On nous dit un peu partout que l’inflation est sous contrôle et que tout va bien, mais en fait les Banques Centrales se montrent encore assez enclines à monter les taux. Quand elles montent les taux, on se dit que c’est la dernière fois et que ça prouve que l’inflation est sous contrôle, pour faire simple on se raconte les histoires que l’on a envie d’entendre. Pourtant, lorsque l’on se penche quand même sur la réalité, la hausse des prix de la nourriture a clairement un impact sur la vie de tout le monde. Tout augmente et dans la vie de tous les jours, tout le monde le ressent. Sauf Bernard Arnault, Elon Musk et leurs amis, bien sûr. Et encore, je ne parle même pas du prix du litre d’essence qui est en train de nous péter à la figure.
Mais on y croit
Pourtant, on y croit et rien ne semble pouvoir freiner la marche en avant des bourses mondiales qui anticipent toujours que ça ira mieux demain. Reste à définir exactement les contours du mot « demain ». Est-ce que l’on parle réellement du demain de dans 24 heures ou est-ce que l’on parle de « demain », on entend : « tout ce qui vient après l’instant présent et les 4 prochaines années ??? ». Pour être franc, j’ai quand même le sentiment que l’on s’accroche à la paroi en mode Sylvester Stallone dans « Cliffhanger » en attendant un miracle, plutôt que l’on soit réellement convaincu que TOUT VA BIEN. Ou alors c’est seulement dans les délires les plus fous dans la tête des stratégistes de Wall Street qui ne voient pas les choses de la même manière depuis leur tour d’ivoire. Et pendant ce temps, les gens de Main Street se demandent bien comment ils vont faire, eux qui ne vivent pas dans un spreadsheet excel.

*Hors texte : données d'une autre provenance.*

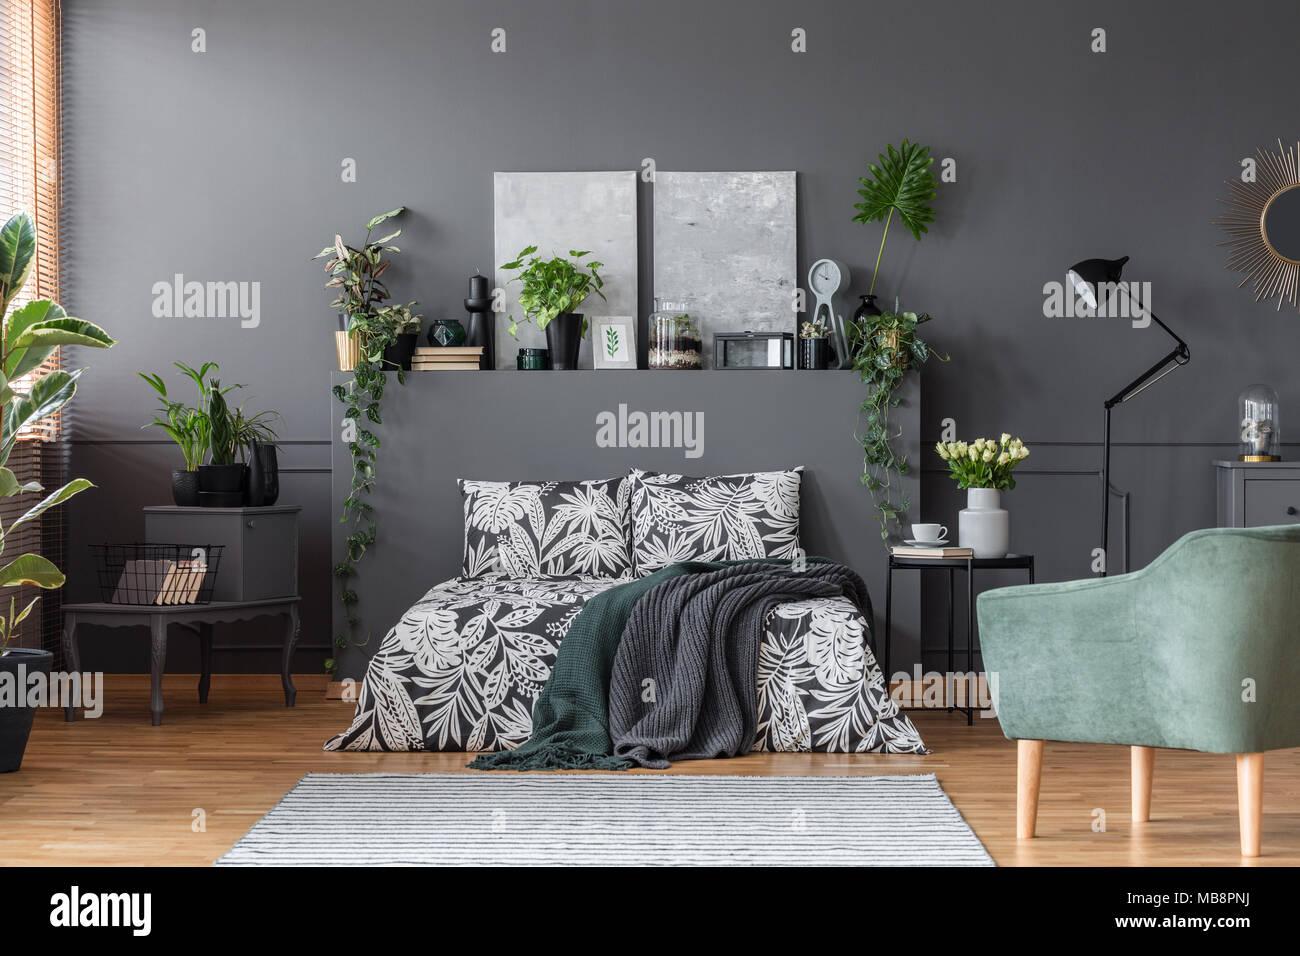 Plantes Vert Frais Mis En Gris Foncé De Lu0027intérieur Chambre à Coucher  Moderne Avec Des Peintures, Tapis Et Décoration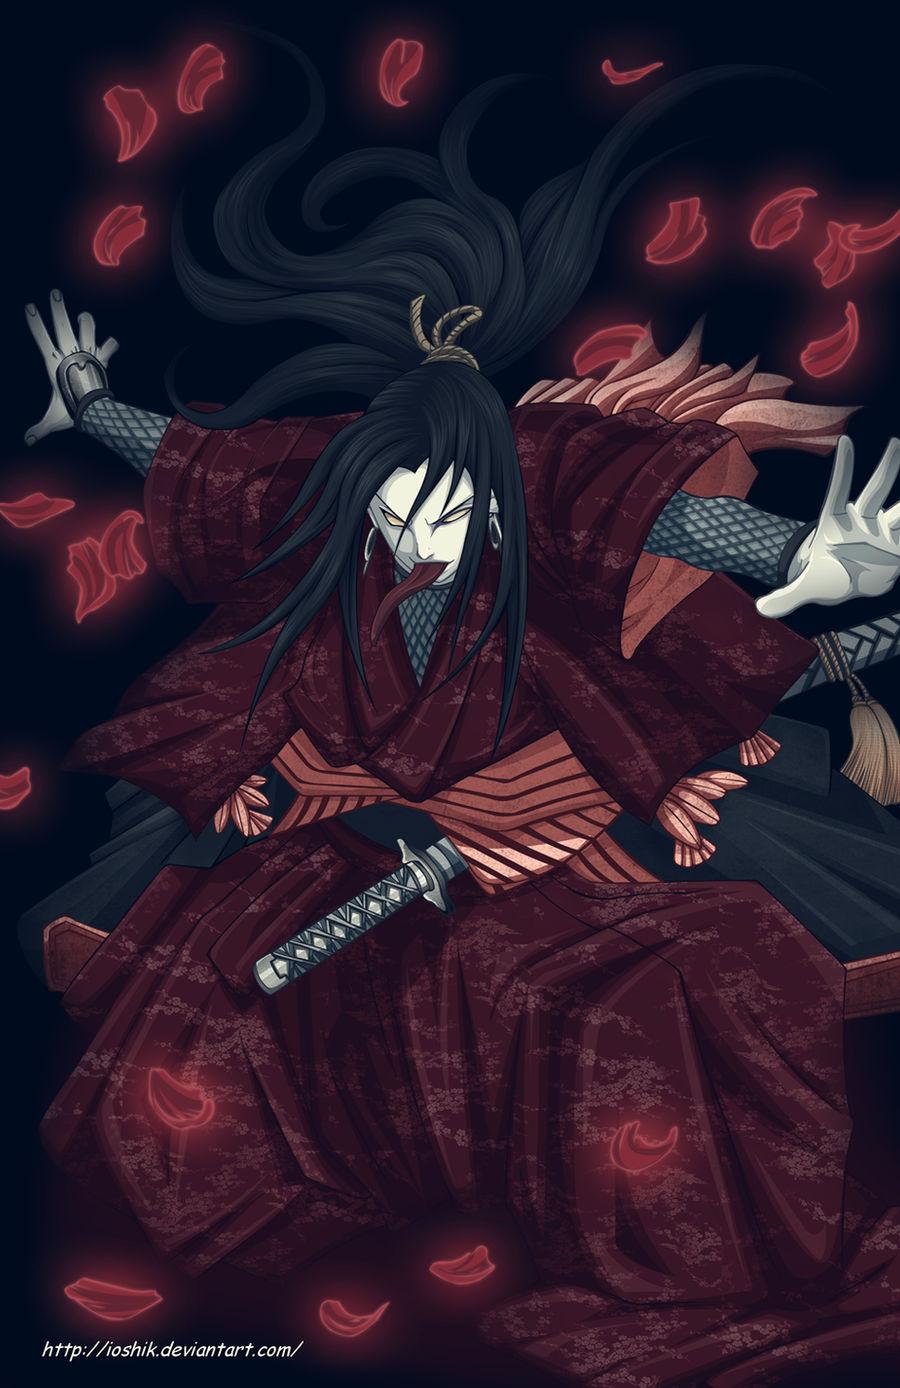 orochimaru by ioshik

Lorsque je lis les résumés du marché de la semaine dernière, je me dis que l’on ne vit pas dans le même monde. Mais pourtant on entend dire que les « intervenants » ont trouvé les paroles de Madame Lagarde « rassurantes » et qu’elle a clairement exprimé « à mots couverts » que la BCE avait fini de monter les taux. Et ça nous a rendu heureux. Ce que l’on a tendance à oublier, dans ce genre de situation, c’est que si la situation venait à se dégrader, Madame Lagarde n’en aurait strictement rien à foutre de venir piétiner notre bonheur si cela devait s’avérer nécessaire. Si vous cherchez encore plus loin dans les commentaires boursiers de la semaine dernière, vous vous rendrez compte que les marchés européens sont montés parce qu’ils étaient rassurés par « l’amélioration des chiffres économiques chinois ». Lorsque l’on parle d’amélioration, c’est surtout que les chiffres chinois de la fin de semaine n’avaient pas EMPIRÉ. Comme quoi on se raccroche à ce que l’on peut et on préfère (pour l’instant) faire de la pensée positive. Voire très positive.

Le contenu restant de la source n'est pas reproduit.